A medida que crecía el número de inversores en sociedades, aumentaba la ineficiencia que suponía enviar a sus sabuesos por separado para mantener la administración a raya. Por otra parte, las compañías, deseosas de reducir los costes de financiación, se dieron cuenta de que podrían sacar mejores condiciones si conseguían que un auditor respondiera por ellas. Estos contables, a su vez, tenían un incentivo para evaluar a sus clientes de forma justa: ganarse la confianza de los mercados. En la década de 1920, el 80% de las corporaciones cotizadas en la Bolsa de Nueva York contrataron voluntariamente a una auditora.

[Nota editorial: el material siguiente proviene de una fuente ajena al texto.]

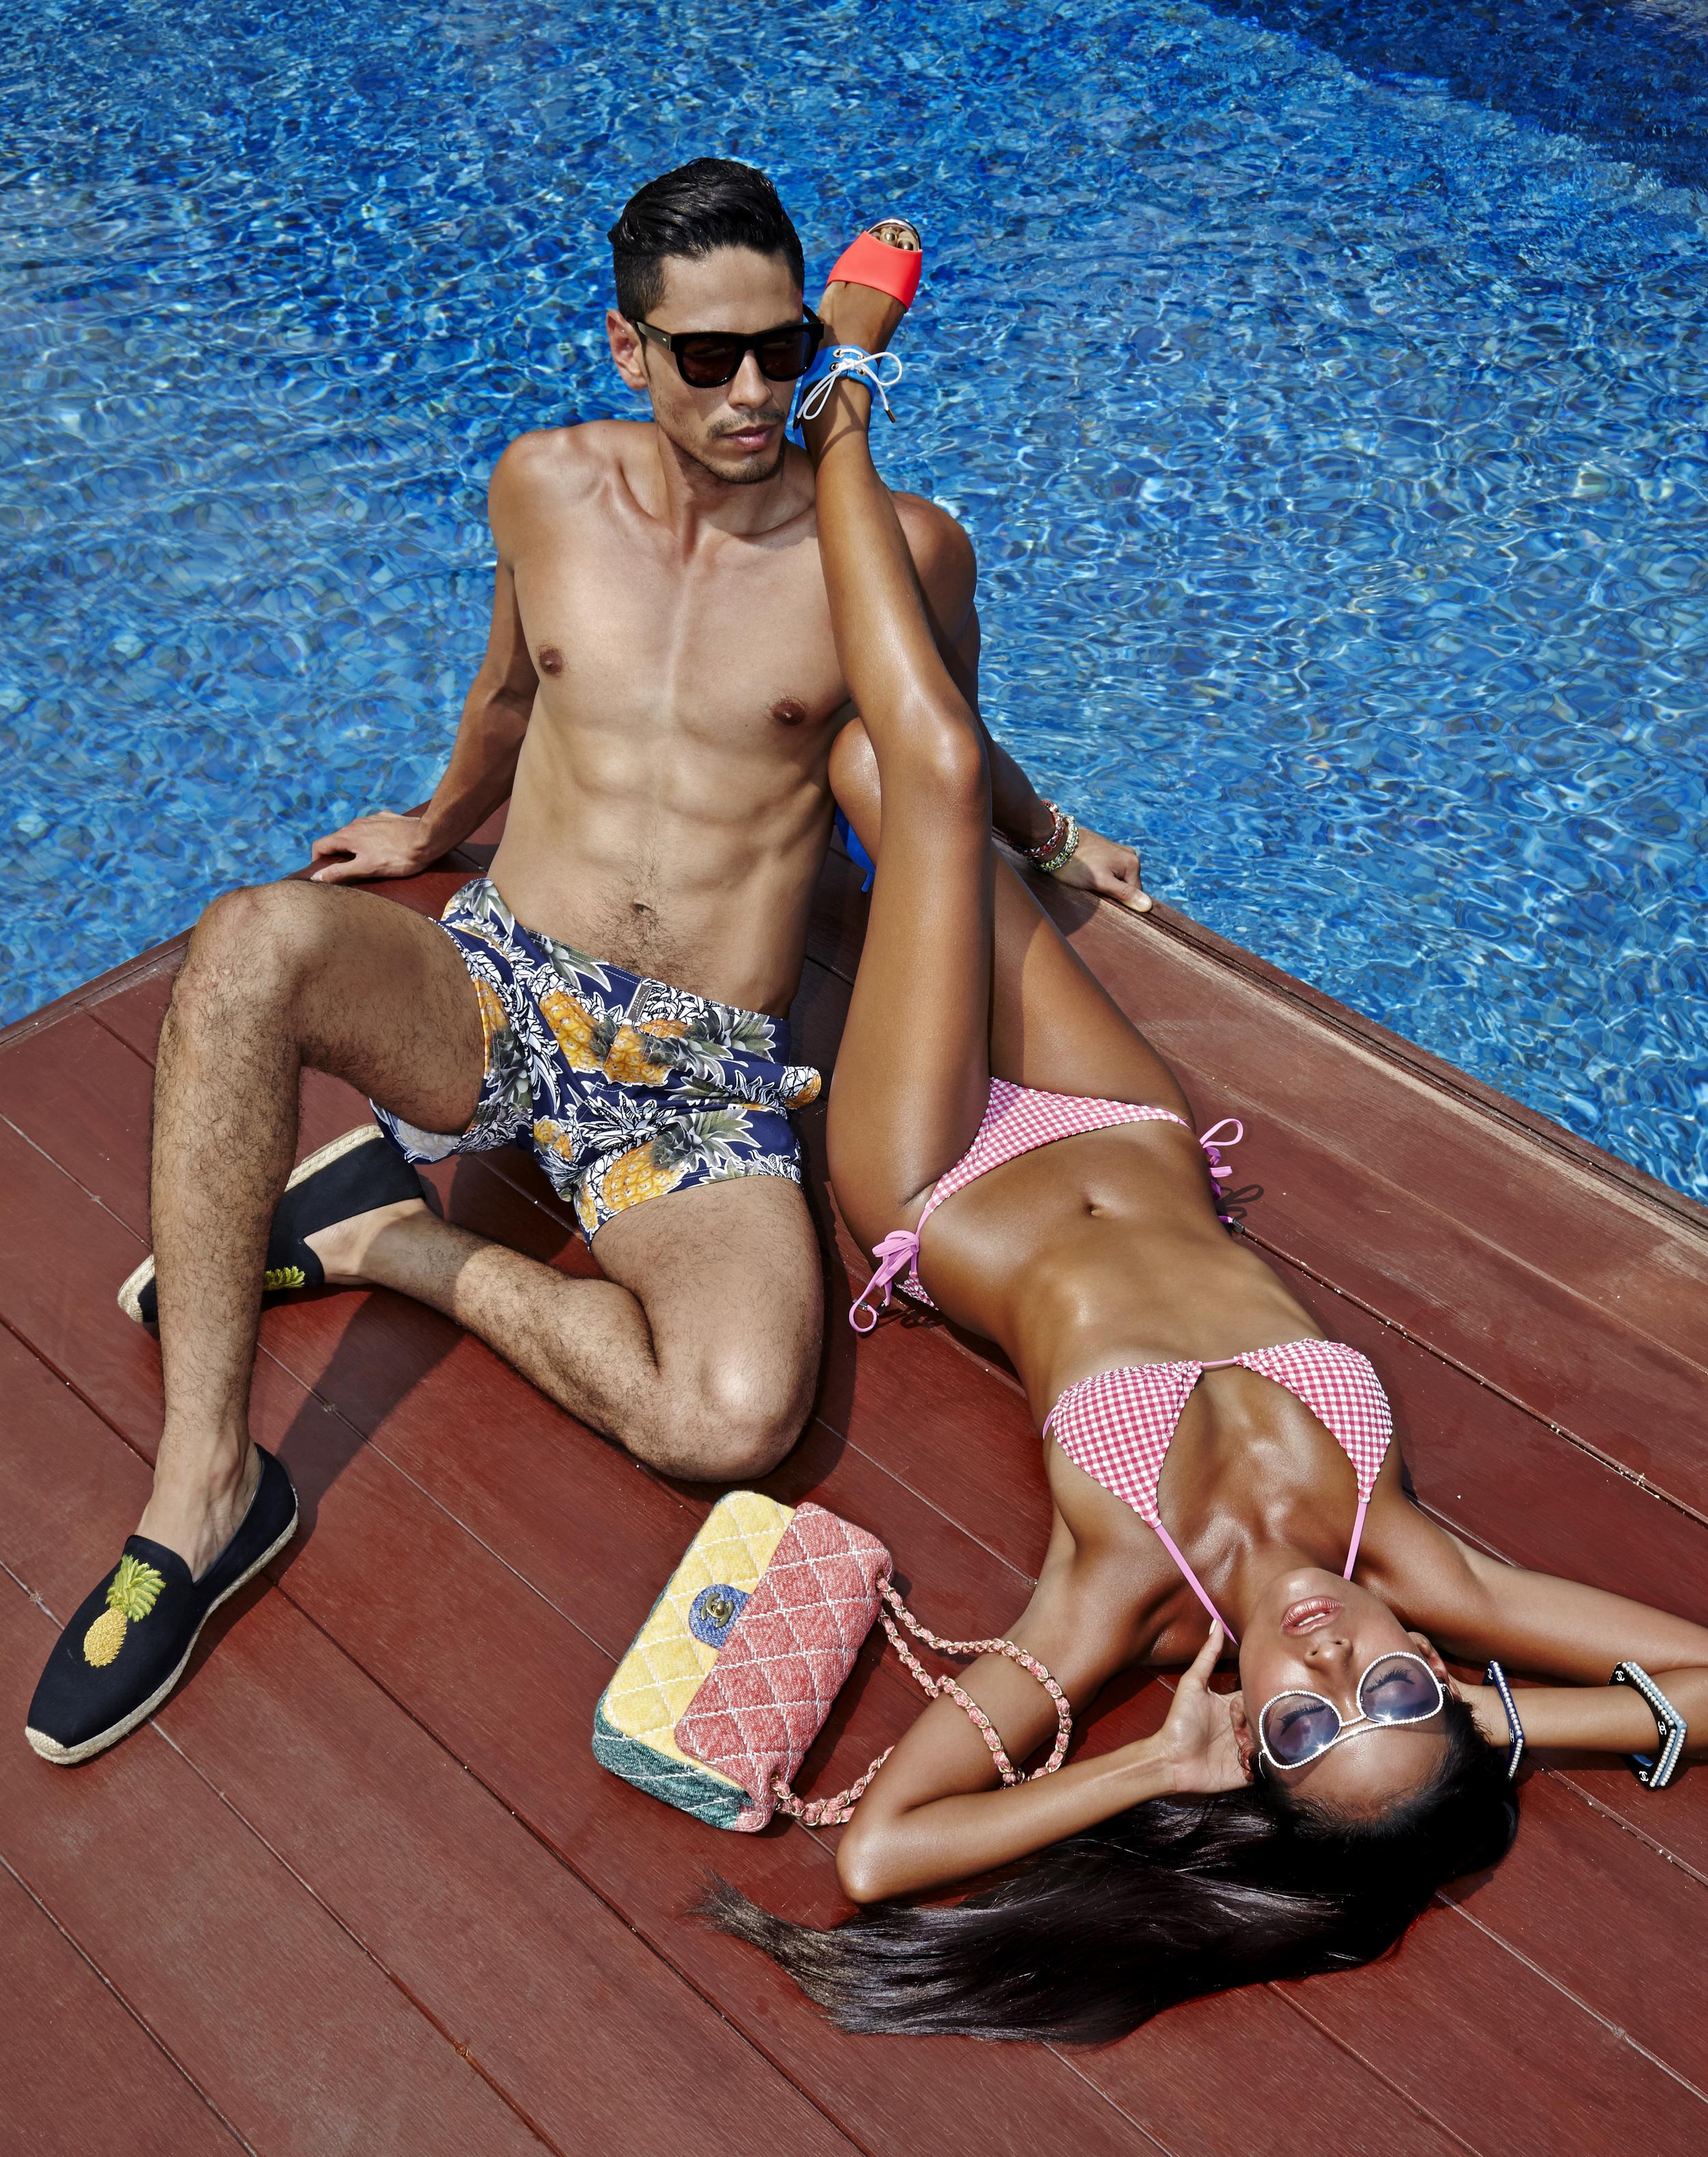 Female : Bikini : Vilebrequin / Bag, sunglasses and accessories : CHANEL / shoes : Christian Louboutin  Male : Trunks : Vilebrequin / shoes : Christian Louboutin

Por desgracia, los inversores de la Edad del jazz [como la bautizara el novelista estadounidense F. Scott Fitzgeral] no distinguían entre empresas auditadas y las de menores escrúpulos. Entre los villanos estaba la europea Swedish Match, cuya habilidad para hacerse con monopolios ratificados por el Estado fue sólo superada por la agresividad de su contabilidad. Tras la muerte de su jefe, Ivar Kreuger, en 1932, la compañía se derrumbó, lo que costó a los inversores estadounidenses el equivalente a 4.330 millones de dólares actuales. Poco después, el Congreso demócrata, al hacer limpieza en los mercados tras la Gran Depresión, estableció una norma que obligaba a todas las empresas cotizadas a presentar sus cuentas anuales auditadas. Gran Bretaña ya había introducido una medida similar.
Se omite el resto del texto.